USICA Talks Threatened by Build Back Better

Senate Minority Leader Mitch McConnell (R-Ky.) has said that he will block bipartisan legislation to strengthen U.S. competition with China if Democrats decide to revive work on a partisan reconciliation package. Senate Majority Leader Chuck Schumer (D-N.Y.) has been in talks with Sen. Joe Manchin (D-W.Va.) on a scaled-back version of the Build Back Better proposal after the package stalled late last year over Manchin’s concerns about the total size of the bill. The roughly $1 trillion plan currently under consideration would include provisions to cap out-of-pocket drug costs for seniors, allow Medicare to negotiate drug prices, increase taxes for the wealthy and corporations, and address climate change. Lawmakers had hoped to finish conference negotiations on the U.S. Innovation and Competition Act (USICA) by the end of this month.
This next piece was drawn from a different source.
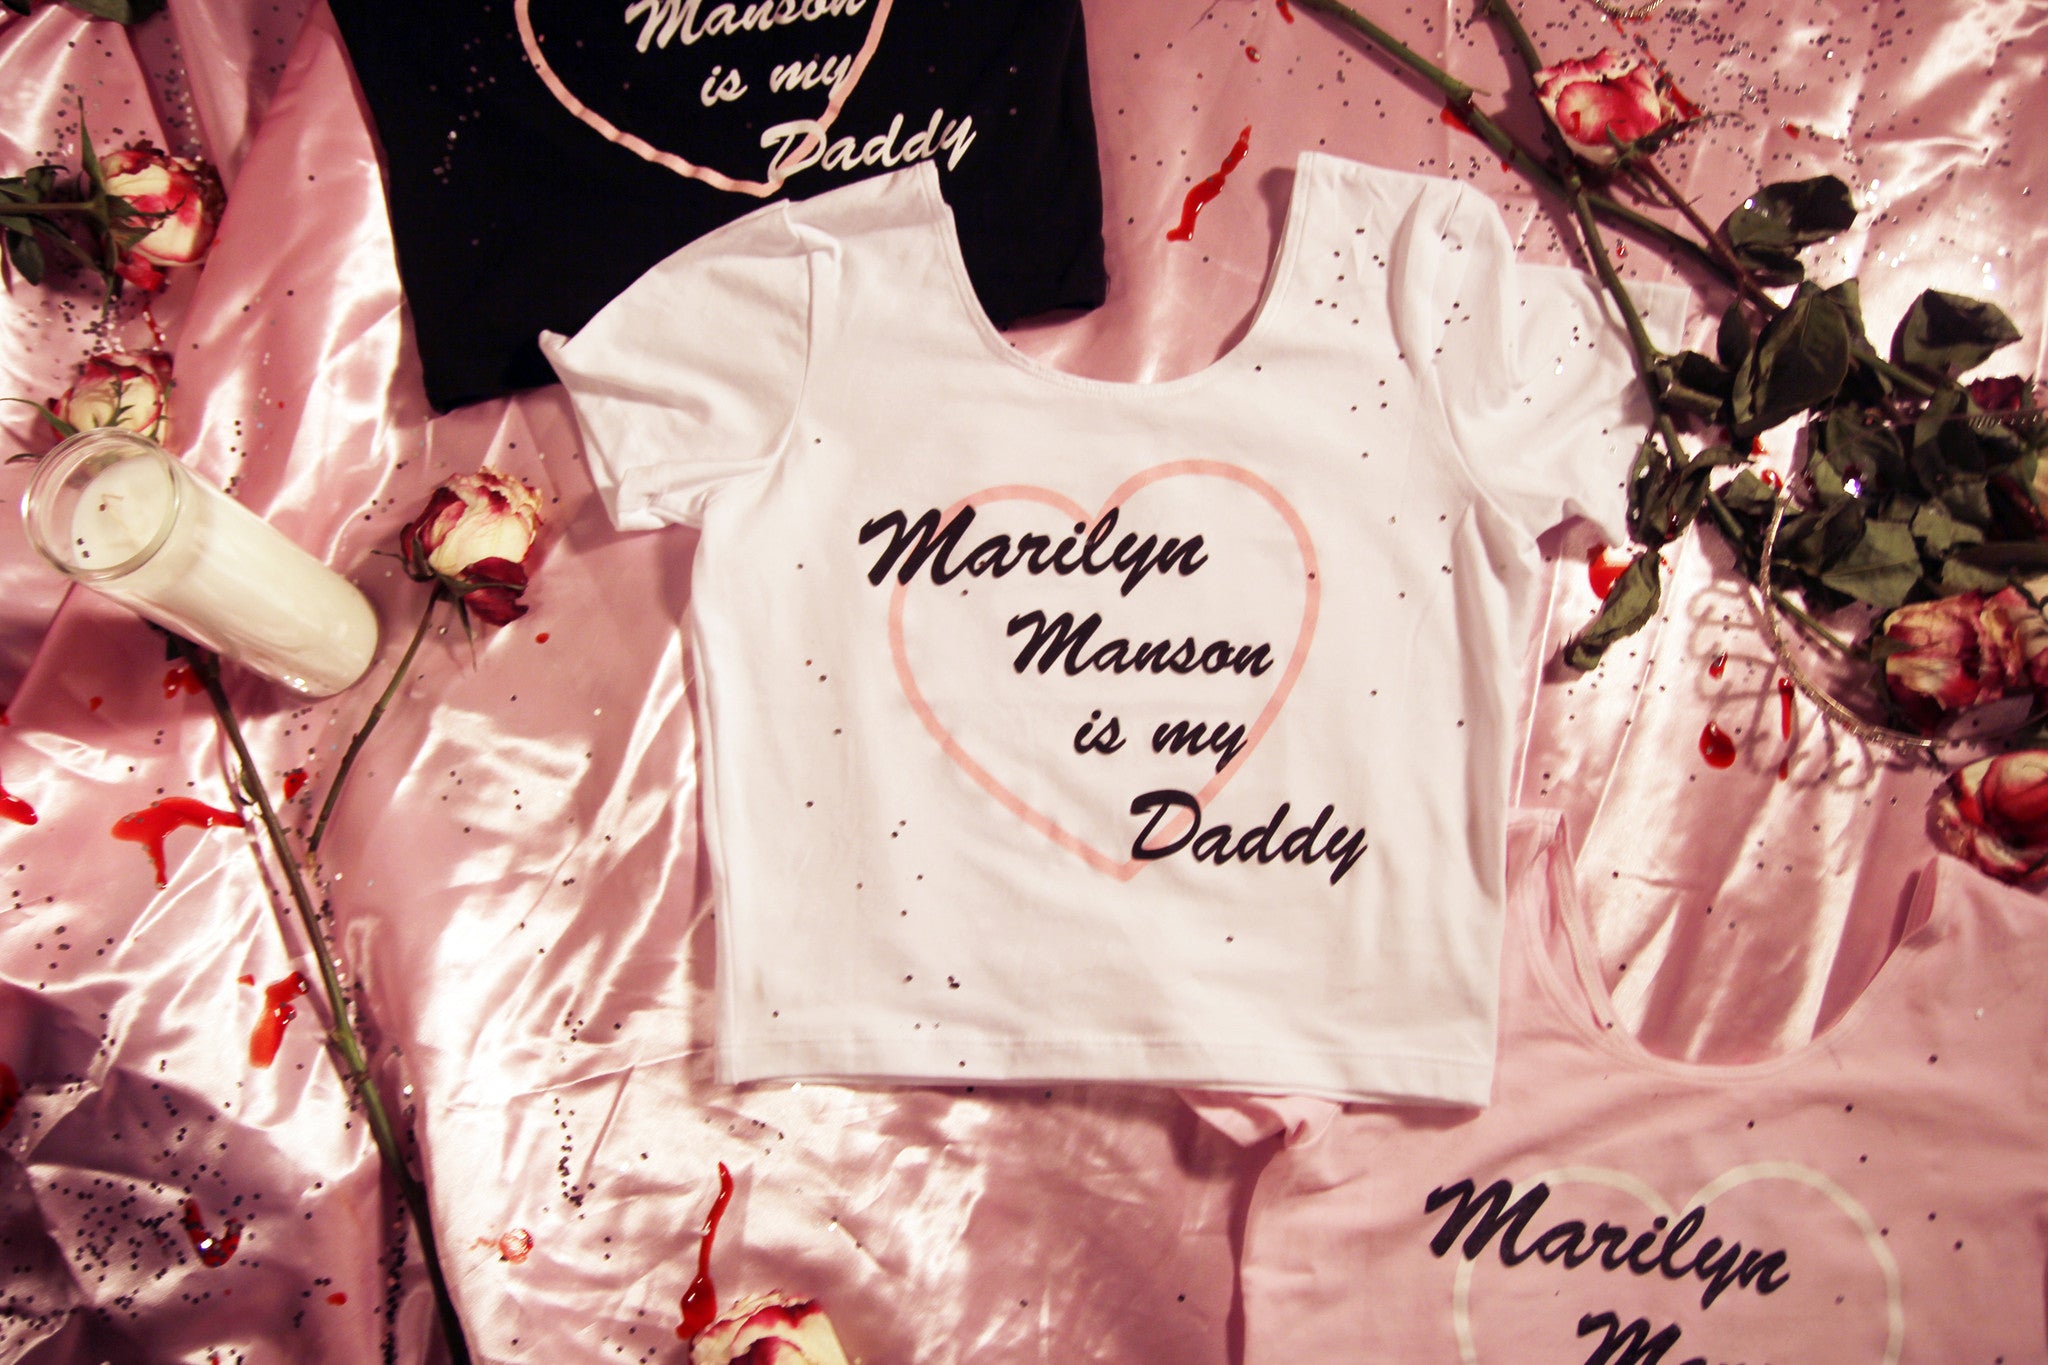 MARILYN MANSON IS MY DADDY

Sen. Leahy Undergoes Hip Surgery

Sen. Patrick Leahy (D-Vt.) underwent hip replacement surgery after suffering a fall at his home on Wednesday. According to his office, Leahy is comfortably recovering. It is unclear for how long he will be on medical leave. The Senate is scheduled to return to session for votes on July 11. As Appropriations Committee Chair, Leahy’s absence could complicate plans to markup fiscal year 2023 spending bills in July. His absence could also impact Democrats’ ability to push a scaled-back version of the Build Back Better economic agenda through reconciliation, which would require every Democratic vote for passage. Democrats had hoped to complete work on the budget package before the August recess begins on August 5, given that after Labor Day their focus will shift to funding the federal government before the end of the fiscal year.
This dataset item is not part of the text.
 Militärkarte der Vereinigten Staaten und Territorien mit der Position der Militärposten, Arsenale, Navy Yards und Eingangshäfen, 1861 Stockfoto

Warren, Grassley Urge FDA to Finalize OTC Hearing Aid Rule

Sens. Elizabeth Warren (D-Mass.) and Chuck Grassley (R-Iowa) have sent a letter to the Food and Drug Administration related to an effort by hearing aid manufacturers, which the Senators believe would diminish the effectiveness of over-the-counter (OTC) hearing aids. “Although couched in concerns about patient safety, the changes sought by these dominant manufacturers and their representatives would have the effect of making OTC hearing products less effective, protecting manufacturers’ existing market share and locking in their competitive advantage,” the lawmakers argue. They express support for the agency’s proposed rule to enact OTC hearing aid regulations and urge the agency to finalize a rule that is consistent with congressional intent and ensures OTC hearing aids are safe, effective, accessible and affordable for all Americans.
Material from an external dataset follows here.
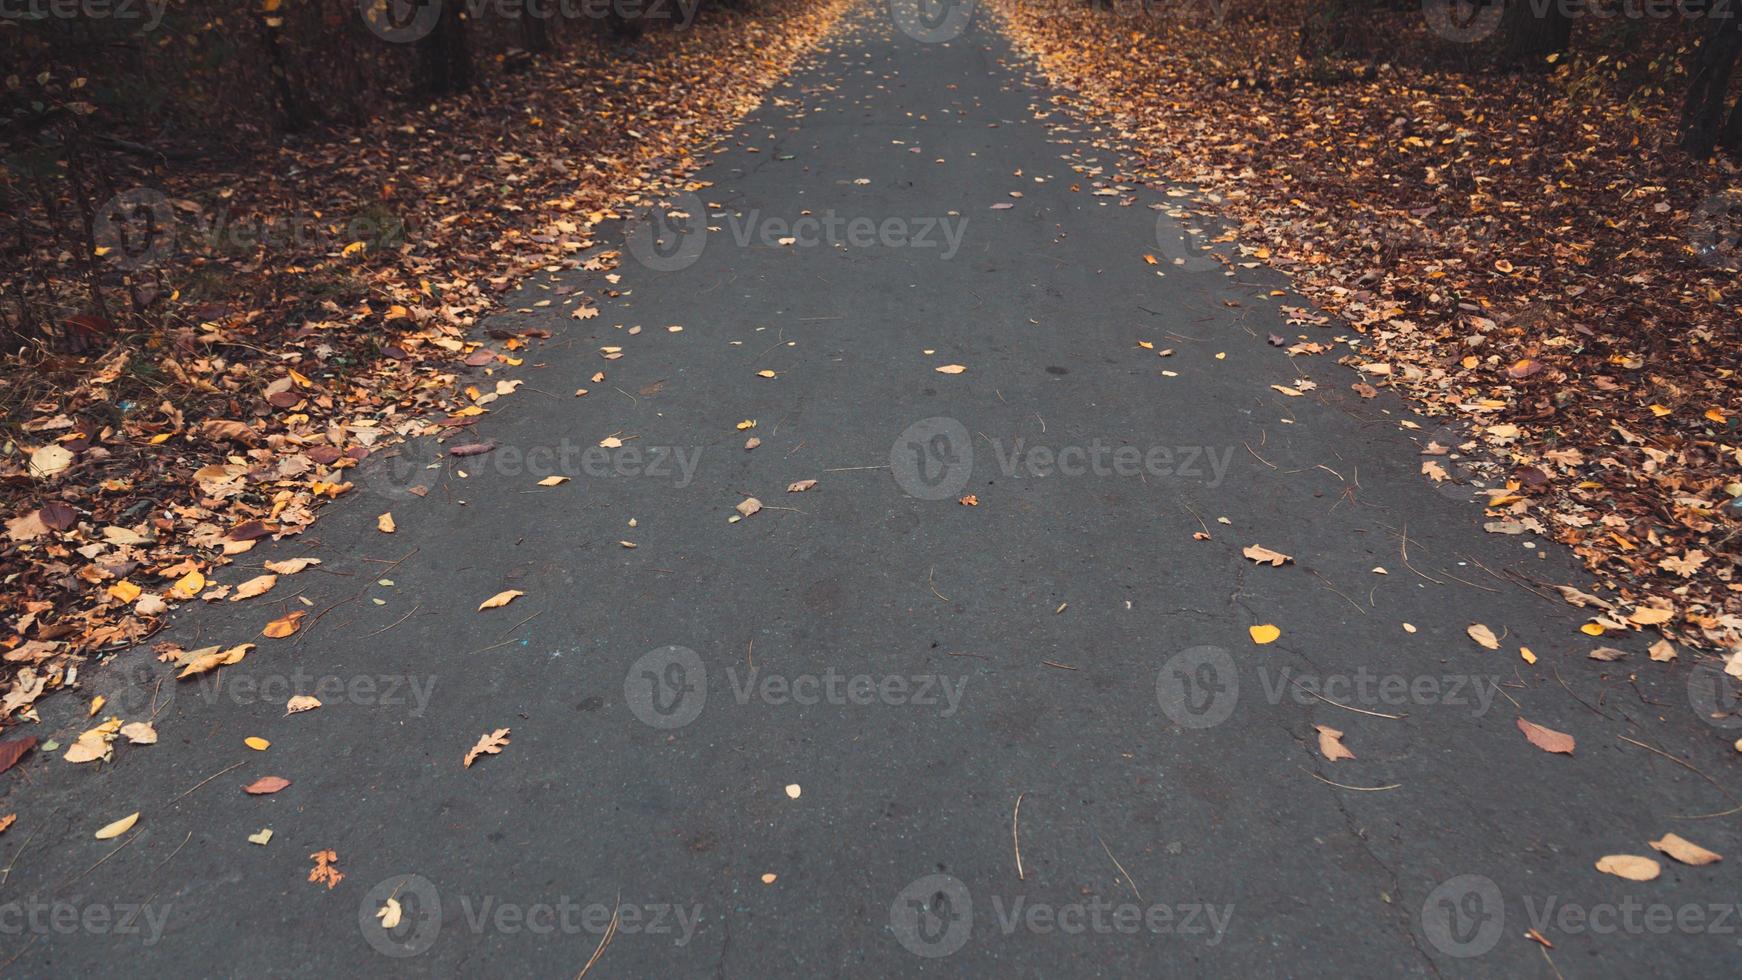 route forestière d'automne photo

Hickenlooper, Smith Inquire About Contrast Media Shortages

Sens. John Hickenlooper (D-Colo.) and Tina Smith (D-Minn.) sent a letter to Commissioner of Food and Drugs Robert Califf asking what steps his agency is taking to address shortages of contrast media commonly used in medical imaging. These shortages have reportedly impacted as many as half the nation’s hospitals and limited the ability of hospitals to provide the 50 million scans performed with contrast media each year. The lawmakers assert that this is “yet another example where our supply chain has shown to be incredibly vulnerable to isolated issues that can quickly become widespread crises impacting both domestic and global supply of critical products and putting people’s lives at risk.” They ask the agency to detail what it is doing to ease the shortage, how new contrast media products are being directed to facilities that need them the most, and how the Food and Drug Administration plans to respond to future supply chain issues in a timelier manner.